Ma sentì il rumore degli zoccoli di un cavallo che gli passava accanto e qualcuno lo sollevò per le spalle. Si ritrovò all'improvviso sul telo rosso di Cesio, che lo aveva con sé. Tol strinse le mani attorno alla vita di Cesio, osservando il paesaggio che scorreva: le montagne, la gente che scavava, il fumo della città e gli ultimi uccelli che tornavano al Nord.

      Chiuse gli occhi e pensò. Sarebbe rimasto così se non avesse sentito una sensazione di bruciore alle mani. Si lasciò andare a guardarli, senza capire cosa l'altro gli stesse dicendo, forse avvertendolo di non lasciarsi andare. Ma le sue mani bruciavano così intensamente che forse si era ferito e non se ne era accorto.

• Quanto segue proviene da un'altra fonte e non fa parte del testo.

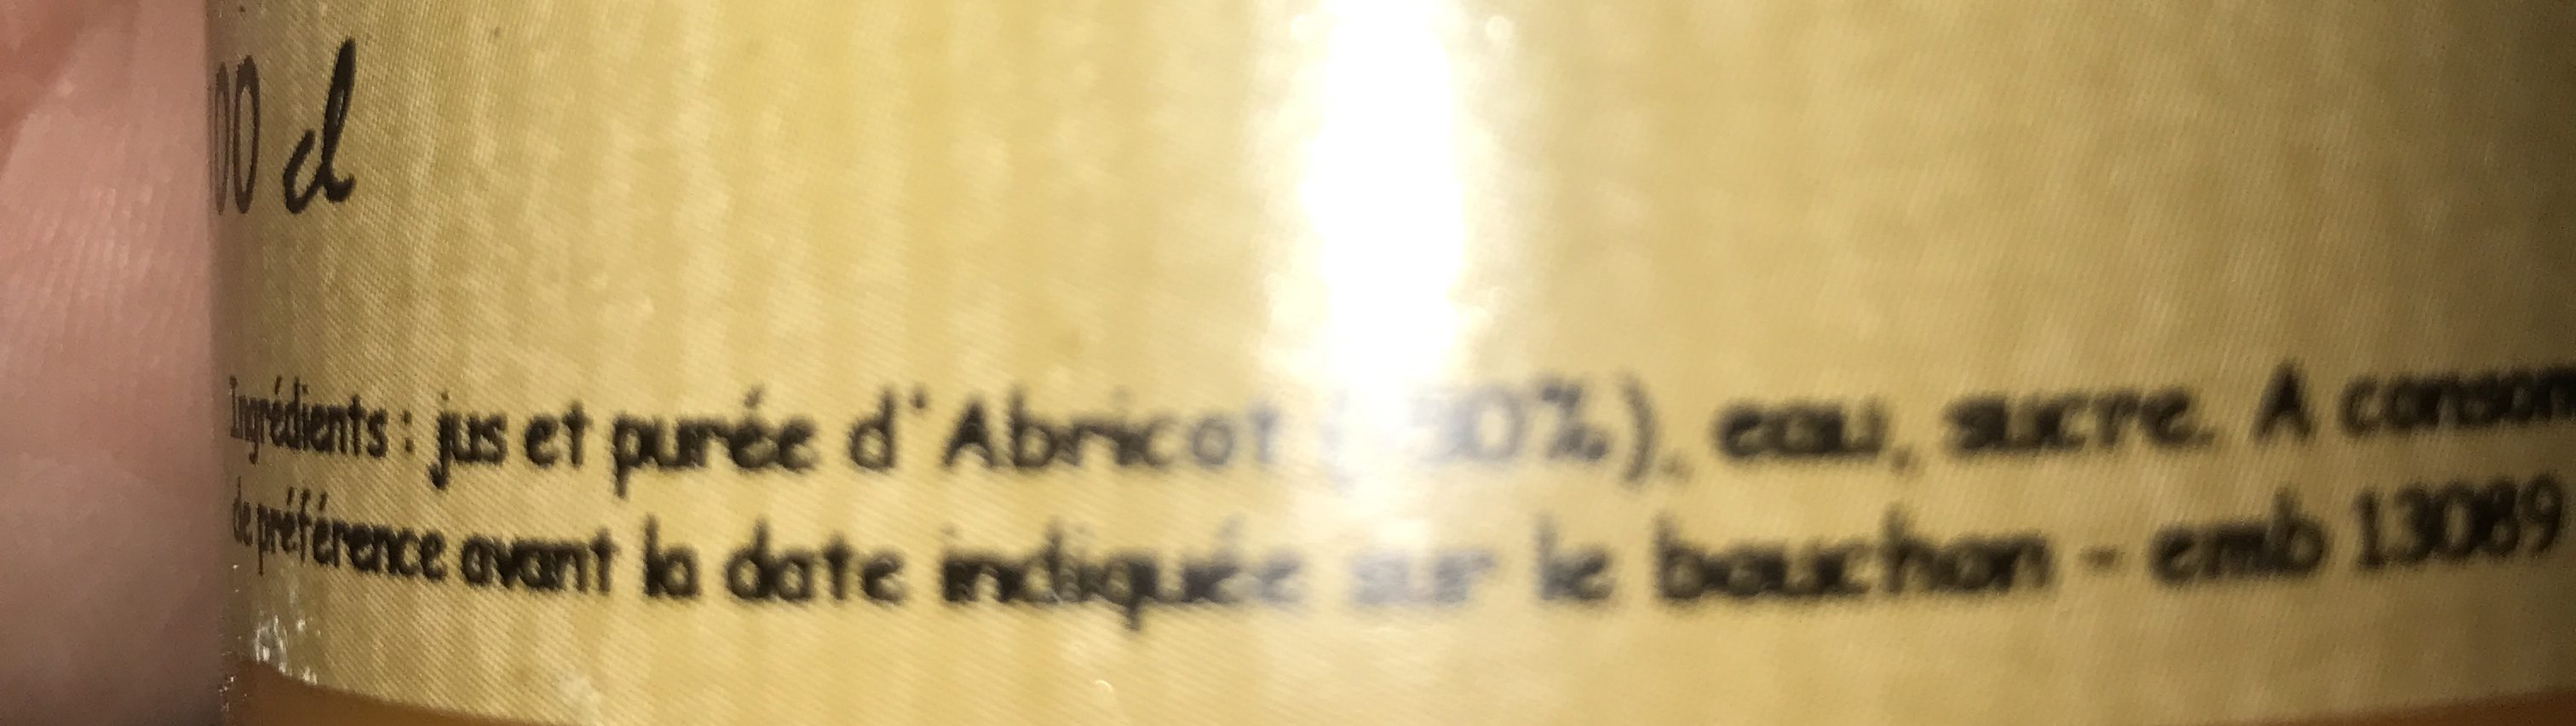 Nectar d'abricot - Ingredienti - fr

      Poi, appoggiando il dorso delle mani sulla schiena di Cesio, le aprì e non poté più contenere il dolore al petto.

      Nei palmi vide, appena formati, grandi e pesanti, due cuori pulsanti.

      Tol cadde da cavallo, colpendo con la schiena alcune rocce a terra. Quando si riprese, giacque a faccia in su nella polvere. Ma non aveva più nulla tra le mani. Non poteva muoversi. Appena riuscì a girare un po' la testa di lato, vide che Cesio si era fermato per guardare indietro, ma forse credendolo morto, continuò a cavalcare. Tol rimase immobile, guardandolo allontanarsi. Non gli era rimasto niente da fare più di questo.

      I capelli dei suoi figli, mescolati ai peli bianchi del suo petto, lo accarezzavano. Il sole cadeva in pieno sulla terra, scaldandogli anche il viso con caldi aliti. Il telo rosso continuava ad allontanarsi, più bello che mai. Forse l'unica cosa veramente bella che ricordava di aver visto in tutta la sua vita, svanire in lontananza, fino a diventare niente più che un piccolo punto.

      E poi nemmeno quello, nella splendida aridità della terra.